Sat. Oct 23rd, 2021
Pembelajaran Inklusi di Masa Pandemi

Pandemi Covid-19 membawa luka bagi kita semua. Dampak dari pandemi ini juga kita rasakan di berbagai aspek kehidupan sehari-hari, tak terkecuali di bidang pendidikan. Perubahan proses belajar-mengajar, yang sebelumnya dilaksanakan secara konvensional (tatap muka), harus beralih menjadi daring. Alhasil, atas perubahan tersebut banyak diantara kita tergagap-gagap menjalani kebiasaan baru, terkhusus untuk proses belajar-mengajar siswa. 

Kata ‘tidak siap’ ini, juga bisa kita dengar dari satuan pendidikan khusus yang diperuntukkan bagi siswa penyandang disabilitas. Pelaksanaan proses belajar-mengajar secara daring, belum mampu diadaptasi dan diimplementasikan secara baik, mengingat kebutuhan siswa yang satu dengan yang lainnya berbeda-beda.  

Proses Belajar Online Bagi Siswa Penyandang Disabilitas

Proses belajar online memang banyak dikeluhkan oleh siswa, guru, bahkan orang tua. Tidak terkecuali dalam hal ini,  juga dikeluhkan sebagian besar orang tua siswa penyandang disabilitas

Sebelumnya mungkin kita menyadari, pendidikan inklusi yang diperuntukkan siswa penyandang disabilitas belum merata di setiap institusi pendidikan Indonesia. Apalagi saat-saat pandemi covid-19 seperti ini, yang notabennya dilakukan mandiri oleh siswa di rumah masing-masing. 

Banyak kita temui orang tua siswa penyandang disabilitas mengeluhkan, pendidikan anaknya di masa pandemi, khususnya untuk penugasan yang diberikan guru kepada siswa. Yang kita tahu siswa-siswa di Indonesia menjalani pembelajaran secara daring, lebih banyak mengerjakan penugasan dengan ditulis tangan. Penugasan ini pun juga berlaku bagi siswa penyandang disabilitas.

Yang jadi masalah dalam penugasan ini, bagi siswa penyadang disabilitas, tepatnya terletak pada akses tiap-tiap siswa untuk mengerjakan tugas membutuhkan layanan berbeda. Kondisi fisik setiap anak penyandang disabilitas bentuknya berbeda-beda, seharusnya pananganan dan pendekatannya pun juga berbeda pula.
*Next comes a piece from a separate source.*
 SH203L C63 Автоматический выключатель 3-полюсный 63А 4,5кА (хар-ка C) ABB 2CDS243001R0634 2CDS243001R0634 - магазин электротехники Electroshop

Itu yang menjadi titik kekhawatiran para orang tua siswa penyandang disabilitas.

Bagaimanakah Seharusnya Proses Belajar-Mengajar Bagi Siswa Penyandang Disabilitas Dilakukan?
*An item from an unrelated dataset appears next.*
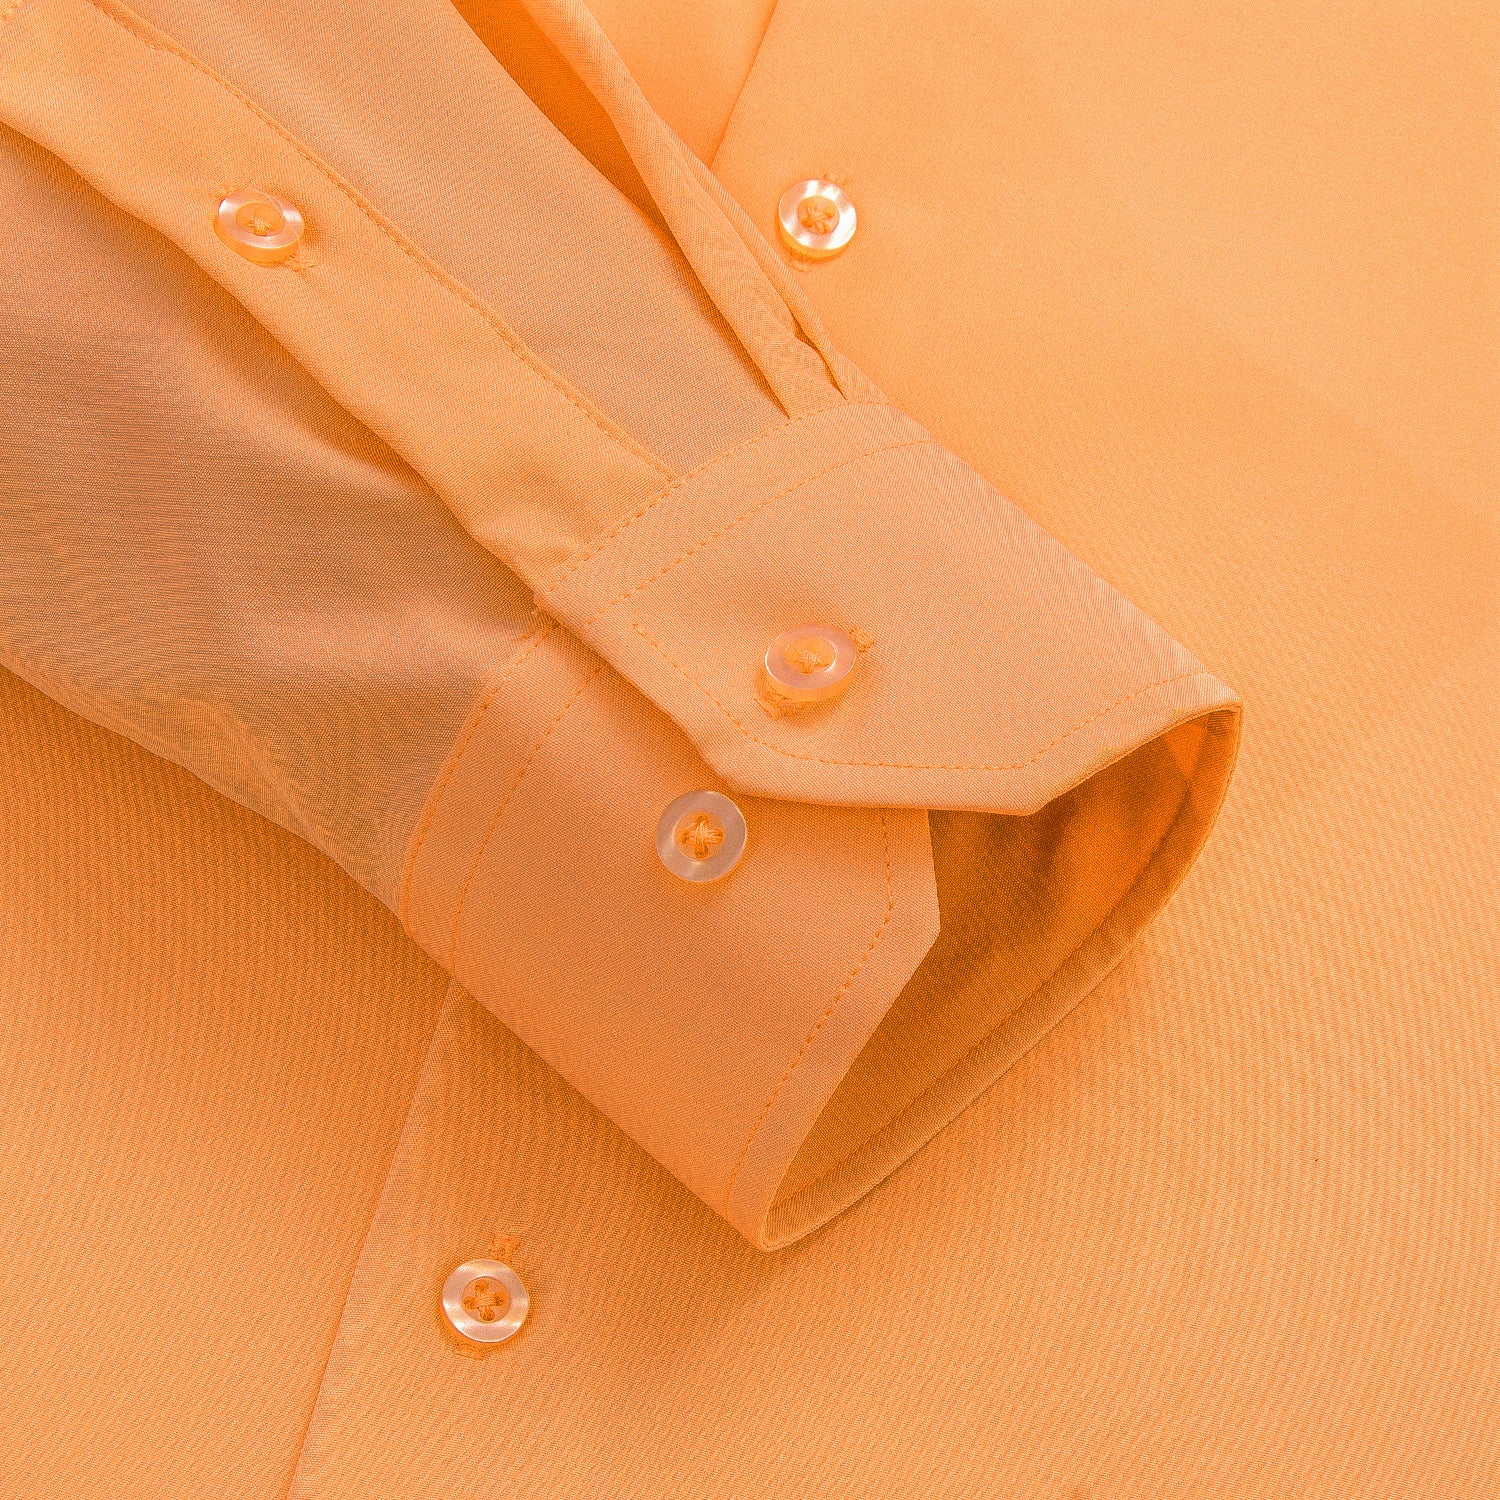 New Orange Solid Stretch Men's Long Sleeve Shirt

Pastinya pemerintah, melalui kementerian pendidikan dan kebudayaan, telah melakukan yang terbaik untuk pelayanan belajar siswa penyandang disabilitas. Di universitas-universitas negeri ataupun swasta contohnya, telah banyak kita temui fasilitas publik yang ramah bagi siswa penyandang disabilitas. 

Selain itu, untuk mendukung proses belajar siswa penyandang disabilitas, yang perlu diperhatikan tidak lainnya adalah masalah kurikulum yang belum disesuaikan. Hal ini menjadi titik fokus yang mendasar, karena kurikulum merupakan acuan yang nantinya digunakan oleh guru, untuk melaksanakan proses belajar-mengajar

Penyusunan kurikulum yang sesuai perlu diperhatikan, contohnya dalam memuat materi dan informasi bagi siswa pennyandang disabilitas. Hal itu dirasa perlu, agar tidak salah dalam penyampaian proses pembelajaran. Contohnya yang menjadi masalah saat pembelajaran berlangsung di masa pandemi covid-19 ini, adalah penyampaian materi praktik untuk menaati prokes, yaitu cara mencuci tangan dengan baik dan benar.

Materi itu dirasa tidak sesuai dengan siswa penyandang disabilitas, mengingat kondisi fisik setiap anak berbeda-beda. Pada akhirnya, kurikulum yang semacam itu, jika dipukul secara merata bagi siswa penyandang disabilitas, tidak mencermikan pendidikan secara inklusi, yang sudah menjadi fokus perhatian kita bersama.

Masalah penyebaran virus covid-19 ini menjadi masalah kita bersama, begitu pula masalah pendidikan yang terus-menerus berubah, menyesuaikan situasi serta kondisi saat ini. Oleh karena itu, penanganan yang bijak untuk proses belajar-mengajar, khususnya untuk siswa penyandang disabilitas ini, merupakan tanggung jawab setiap pihak yang terkait, baik itu guru, lingkunagn sosial, dan pastinya orang tua siswa.